Computer Assisted Radiology
9th International Symposium and Exhibition
Berlin, June 21-24, 1995
Session 4
Tracking and Guidance Systems
Saturday, June 24, 1995, 11:00
Venue: Universitaetsklinikum Charité, Schumannstr. 20/21,
Berlin-Mitte, with
special support by Prof. D. Bernd Hamm, MD, Director Inst. f. Roentgendiagnostik
Session Chairs:
D.J.H. Hawkes, PhD, UMDS, Guy's Hospital London (UK)
F.A. Jolesz, MD, Brigham and Women's Hospital, Boston (USA)

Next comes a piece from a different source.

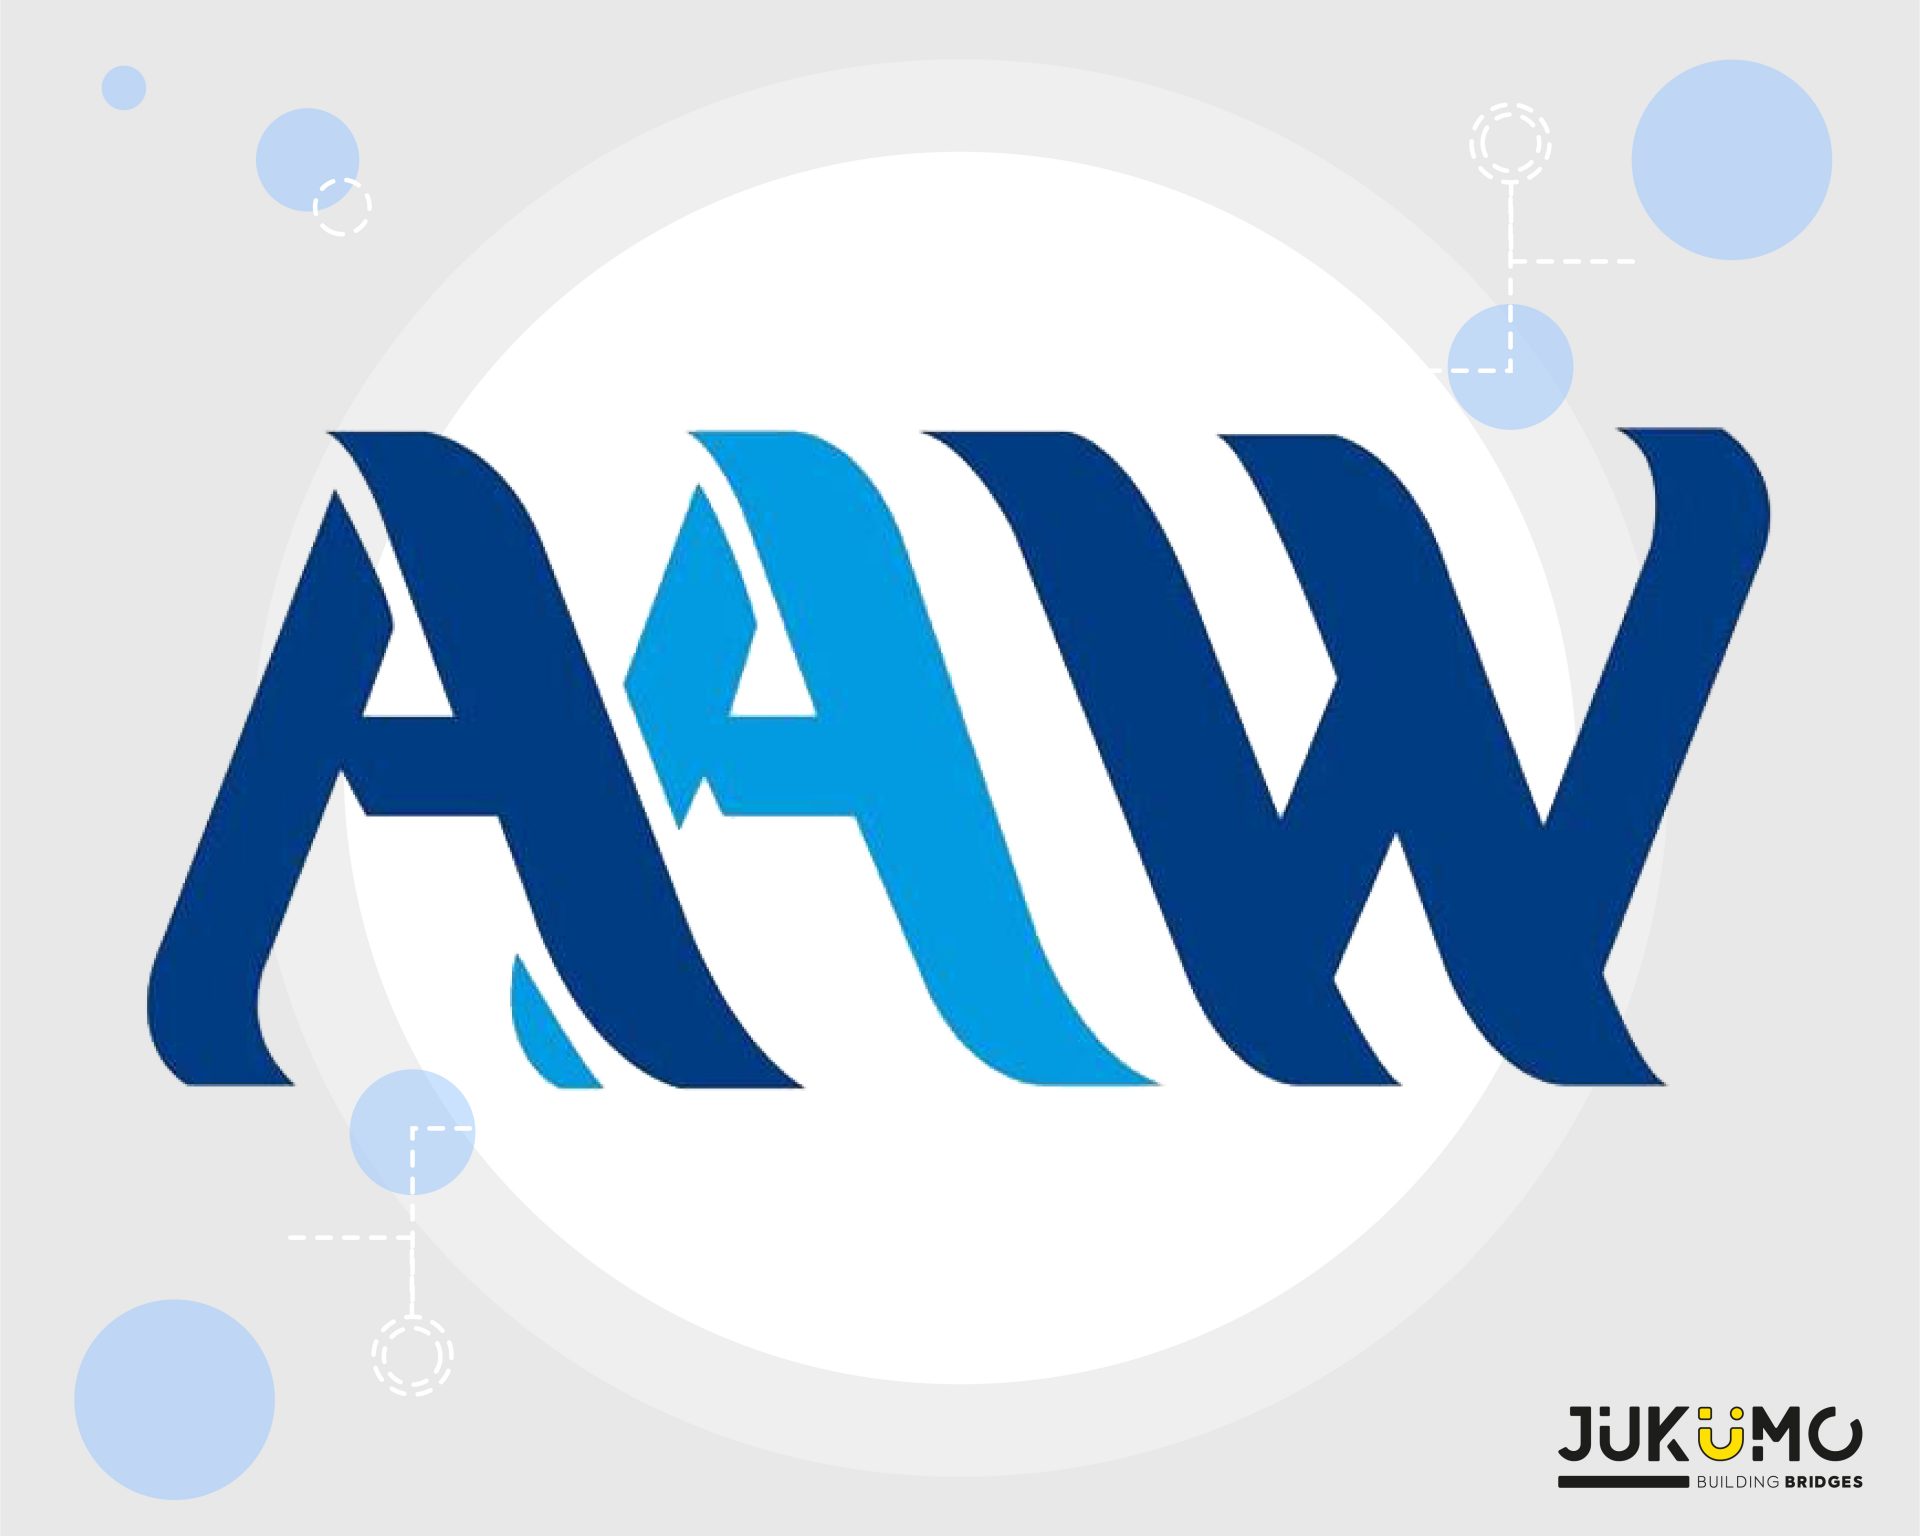 AAW Consulting Engineers Jukumo Advertising
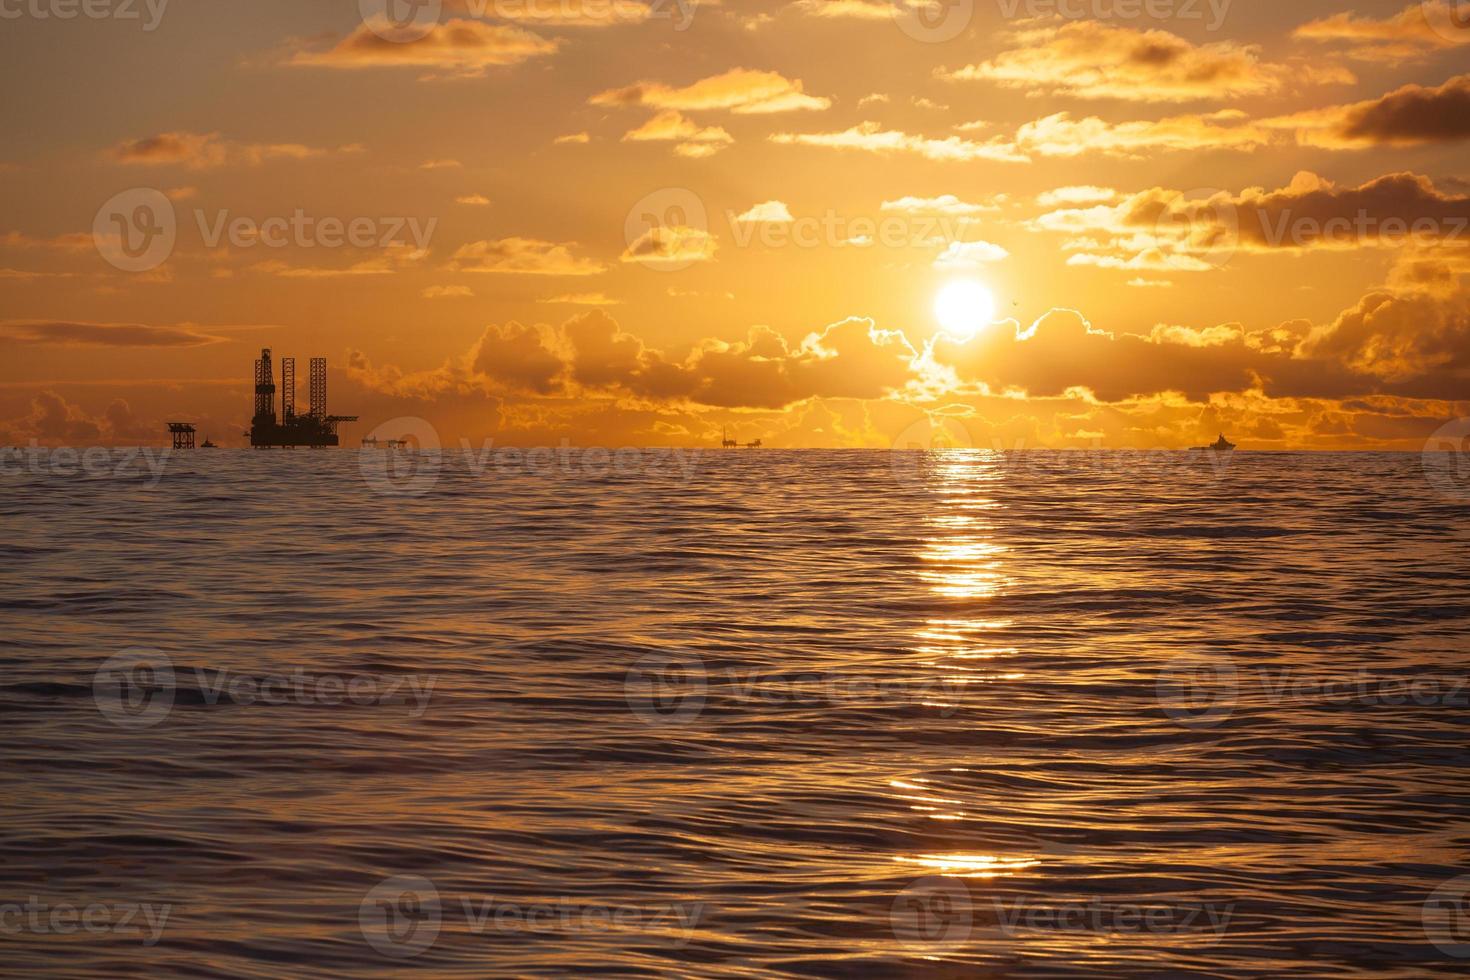 plataforma de petróleo no mar do norte foto

Application of the ARTMA Image-Guided Navigation System to Endonasal
Sinus
Surgery
A.R. Gunkel, W. Freysinger, W.F. Thumfart, Univ.Klinik f. HNO, Innsbruck;
M.J.
Truppe, ARTMA Medizintechnik GmbH, Wien (A)
(link
to CAR´95)
Application of the ARTMA image guided navigation system to endonasal
sinus surgery
Gunkel A.R., Freysinger W., Thumfart W. F., Truppe M. J.*
HNO-Universitaetsklinik Innsbruck, Anichstrasse 35, A-6020 Innsbruck, Austria
* ARTMA Medizintechnik GmbH, Am Kanal 27, A-1110 Wien, Austria
Summary
We solve the problem of orientation in revision operations with the ARTMA
Virtual Patient® System. It uses state of the art image processing techniques
and a 3D digitizer to find the position of instruments. The realization
of Interventional Video Tomography allows mutual correlation of a video
photo, corresponding anatomical landmarks with CT and/or MRI images. Structures
and access paths to the regions of interest can be defined and fused with
the endoscopic video image in real time. We report our first experiences
with this comfortable an highly reliable tool.
Introduction
Many surgical procedures in the field of ENT take place in close proximity
to vital structures like the orbit, the skull base, the internal carotid
artery etc. In our clinic we have decided to use computer-assisted navigation
systems to reduce the risk of trauma to vital structures during endonasal
endoscopic procedures. The ARTMA Virtual Patient System finds the position
of a surgical instrument (endoscope) by permanently measuring magnetic fields.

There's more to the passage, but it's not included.